海外wikipediaによると”可能なかぎりヘヴィで残忍なサウンドを目指した”そうで、デスコアの急先鋒としてすぐに脚光を浴びることになったデビュー作。暴虐であることが生きる道であり、大人への近道(当時のBMTHは10代)。
首謀者であるVo.オリバー・サイクスは、ギャーギャー系スクリームとヴォォヴォォ系のグロウルを主戦に、クリーンボイスは本作でほとんど使っていません。
サウンドはAt The Gatesに影響を受けたと話す通りに、北欧メロデスにせまる鋭く重いギターリフが中心で散弾銃のようなドラミングが加勢。なかにはスラッシュ~メロパワ寄りのピロピロ系ギターソロやツインリードを効果的に配しています。
代わりにメロデス勢にある叙情性を放棄しており、メタルコア譲りのブレイクダウンで凶悪なノリを召喚。やめてもうライフはゼロよって訴えても容赦せず。獣性や肉食という言葉がしっくりくる本能で向かう野蛮さがあります。
唯一、#9「15 Fathoms, Counting」の全編アコースティックで2分ほど激しさは凪ぎますが、メロディというご褒美を与えるのはここ以外になし。
#1「Pray for Plagues」から#10「Off the Heezay」まで残虐な楽曲がそろい、若者たちが覇権を取ろうとする野心に満ちています。音楽性をガラリと変えてからのBMTHファンが聴くとピンチしか訪れないから注意。
Suicide Season(2008)
2ndアルバム。全10曲約42分収録。Arch EnemyやAt The Gatesなどを手がけた経験を持つフレドリック・ノルドストロームがプロデュース。日本では本作から国内盤が欠かさずリリースされていくことになりました。

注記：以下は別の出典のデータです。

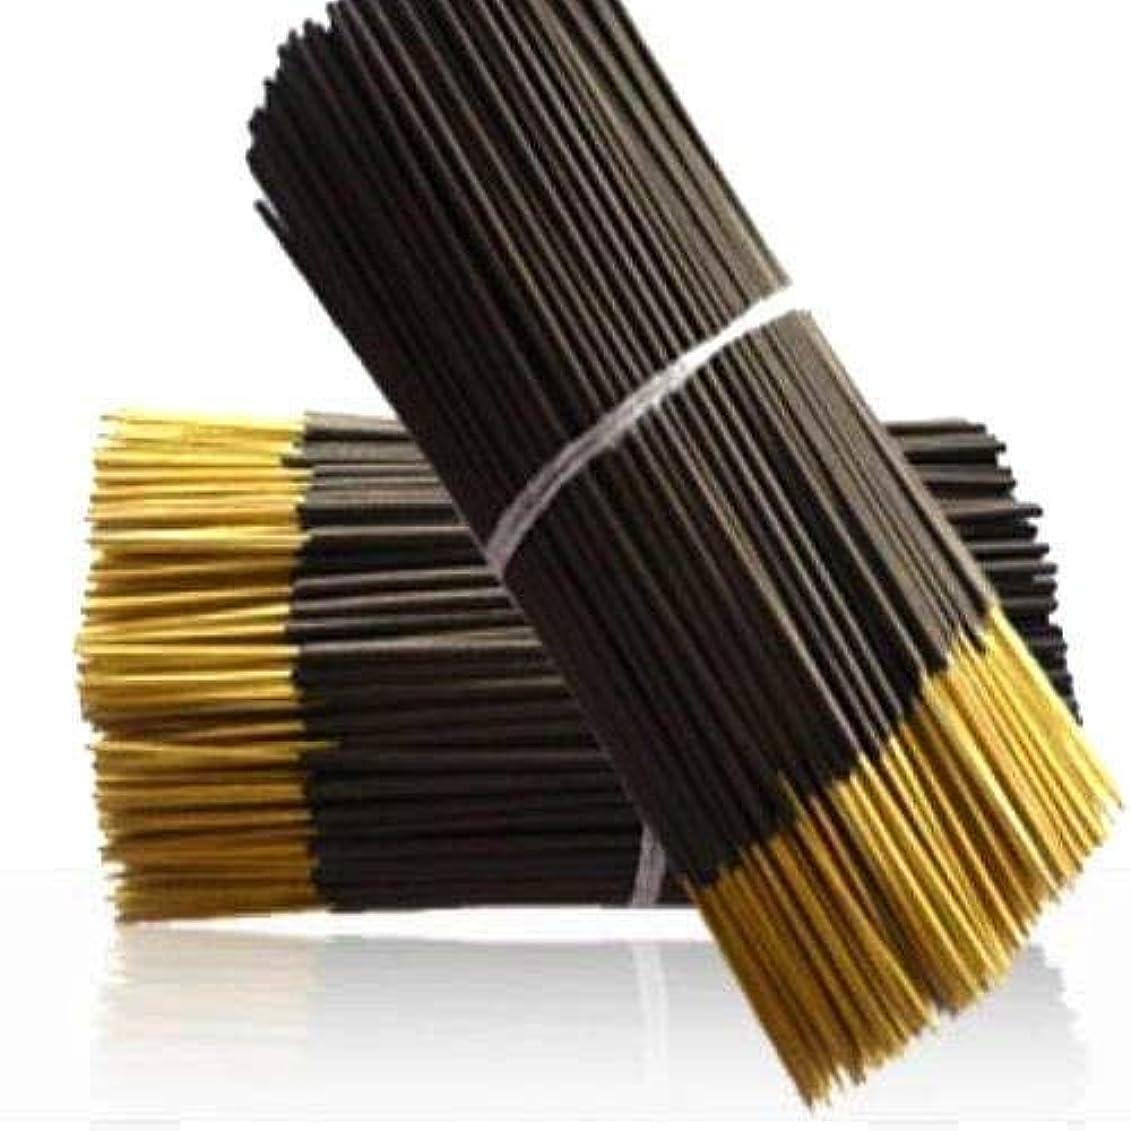 合併症熱心曇ったLakshmi Natural Products Raw Agarbatti Sticks 9

タイトルは直訳すると”自殺の季節”。ですが前作のデスコア肉食獣路線から、本作ではストレートな訴求力を持つメタルコア要素が強まっています。
オリバー・サイクスはグロウルの比率を減らして歌うスクリームをメインに据える。そしてプログラミングによるデジタルなトーンが新要素として加わる。キャッチーなつかみとクールさが楽曲に伴うようになりました。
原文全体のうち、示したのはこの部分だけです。